Friday, June 29, 2012

My own diamond jubilee celebration...

So now that my son has finished with his exams, attended prom and has graduated from high school, I was teasingly reminded by my significant other half this week that we can now focus on my own diamond jubiliee - my fiftieth birthday which is still ten months away.  Although it sounds weird that I would even want to ackowledge this birthday, once we bought tickets for a show in Las Vegas for next December, I started thinking that going to Las Vegas would be the beginning of my birthday celebrations.   I have a goal of losing ten pounds by then and have my hair reach the middle of my back by the time of the concert. I figure if I haven't grown my hair that long before in my life, now is the time....So now I'm thinking what else do I need to do to mark this celebration?  I was reminded of this when I received my Nordstroms Fall sale catalogue in the mail, and I thought as I looked at all the new fashions - what is appropriate to wear at this age?  Everything in the catalogue seemed so youth oriented.  I also started thinking about women out there in the public forum.. I would love to take a bit from each of them to become the best I could be..So these were my thoughts this week as I focus on the new milestone several months away.. I look forward to this birthday and all the new ideas, inspirations, goals this year will bring... 

Wednesday, April 11, 2012

Turning 18

Today I become the mother of an adult as my only child turns 18. Like all mothers I will always regard him as my baby, but for quite some time now he's been changing both physically and mentally into an adult.
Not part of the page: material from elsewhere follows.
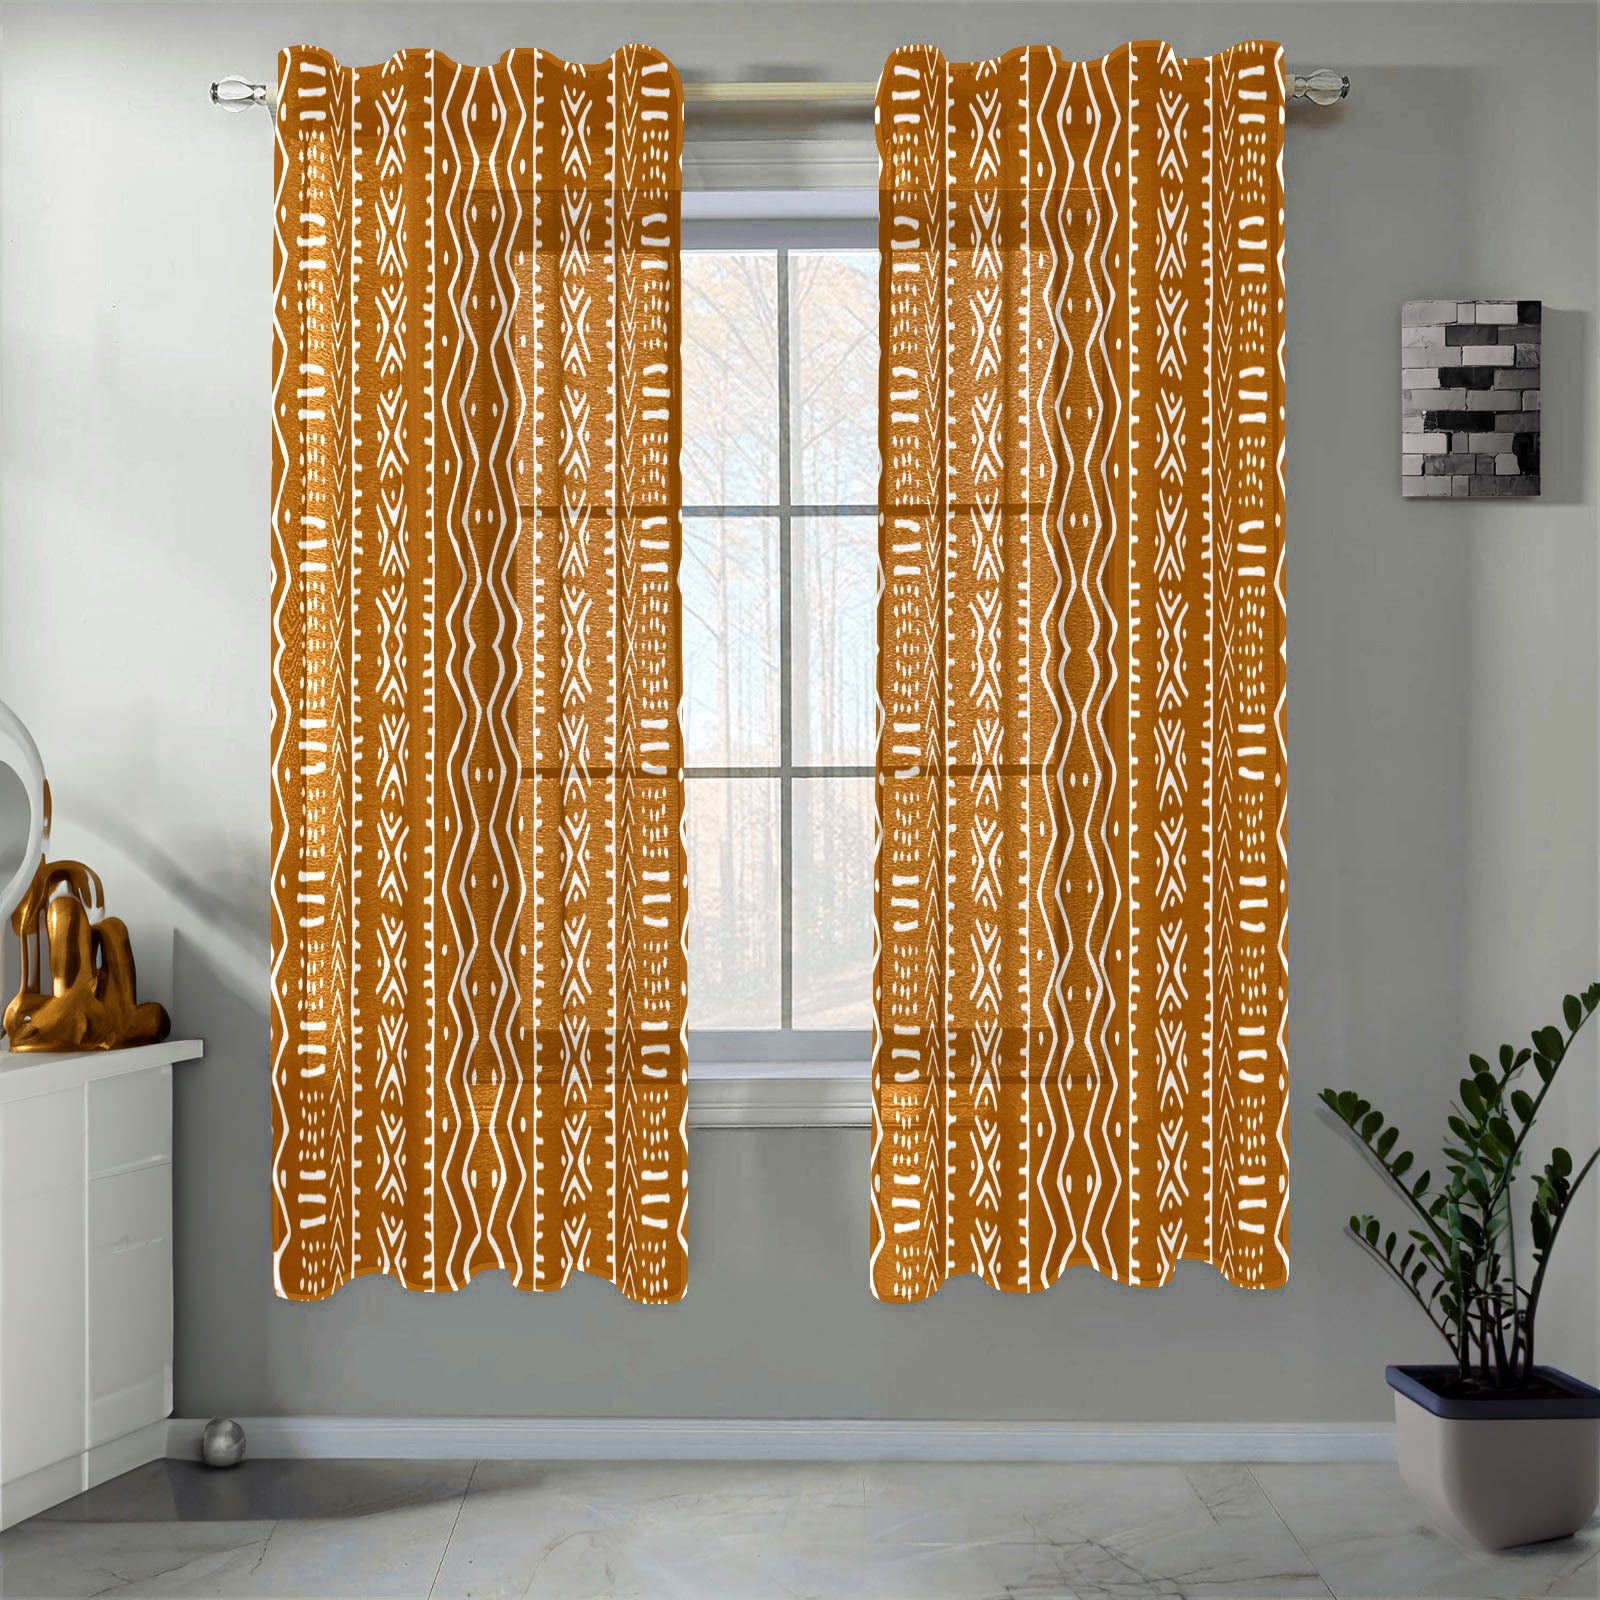 African Guaze Curtain Mudcloth Print (Two Piece)- Bynelo

As I watch him and his girlfriend interact, I come to realize that in the next few years as he makes his way into the world he won't need my support as much as he does with his mate next to him.
My son turning 18 is one of the reasons I called my blog "Restructuring Michele" because I have to change as he becomes an adult. Our duty as parents is to raise our children so that we can eventually let them go to live their lives successfully. Then we become the empty nesters to continue our own lives.
As I watch my son change I become so thrilled for him knowing he has every possibility of the world in front of him, and in a way so do I.

Monday, April 9, 2012

Restructuring = Changing, Updating, Reinventing one's life......

Blogging always intrigued me, but I had to find something I would enjoy continuously writing about before I would commit to one. My goal was to have blog that readers would find enjoyabe enough to keep coming back to. Until last week I had a few passing ideas, but nothing I found too enticing. But last Friday as I drove home after being laid off from my company of the last fifteen years, the idea of this blog popped into my mind and just kept growing. I was now joining thousands of Americans who are unexpectedly faced with restructuring their lives. It's not just the resume that needs updating, I now have to figure out a new schedule for my day. I have to go in and restructure my budget and savings plan. Not only that, but skirts and high heels don't just fit into my daily dress code now, so those closets need updating too.
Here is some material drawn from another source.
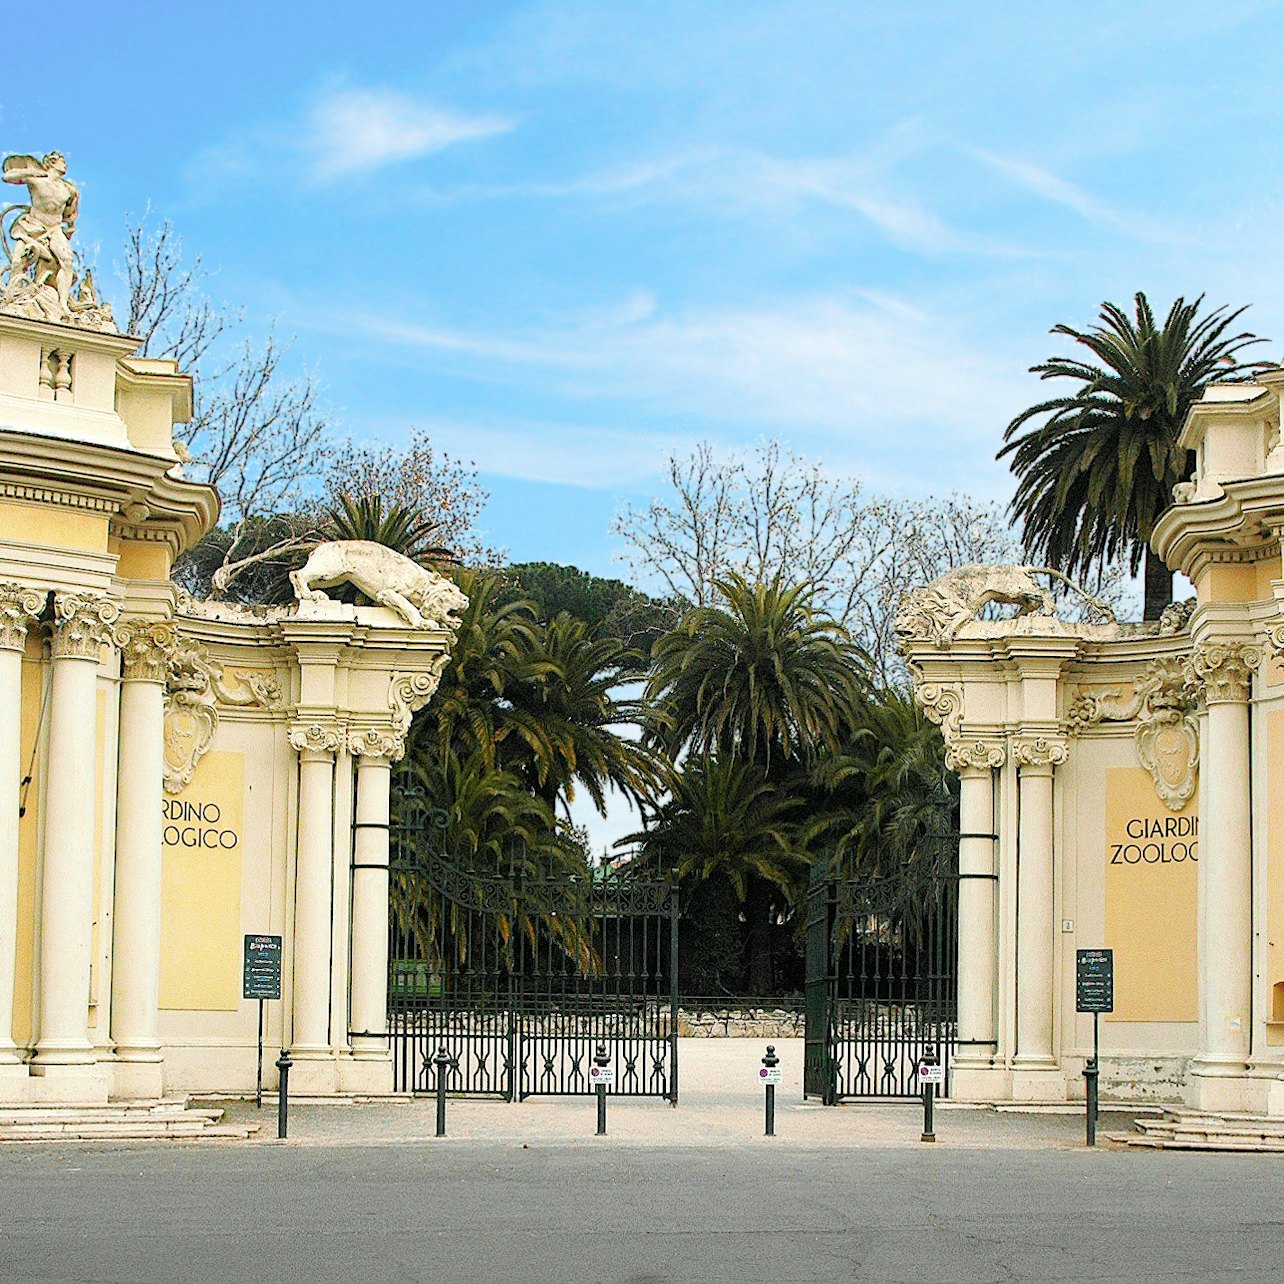 Bioparco: The Zoo of Rome - Accommodations in Rome

For some reason I find enoyment in this new adventure I am about to embark on. I truly understand that others in my situation may not feel the same as I, but if I could bring a small but brief smile on a reader's face and cheer them up for a second, than I would be happy.

In the midst of these changes, I am preparing to become an empty nester as my only child leaves for college this Fall. If that's not need for restructure than I don't now what is. In addition as I send my son off to college, I am starting the preparations of moving house from my apartment to living with my boyfriend. We don't have the moving date, but this move calls for me to re-evaluate all I own that I would keep or give away since I am going to an already full furnished home.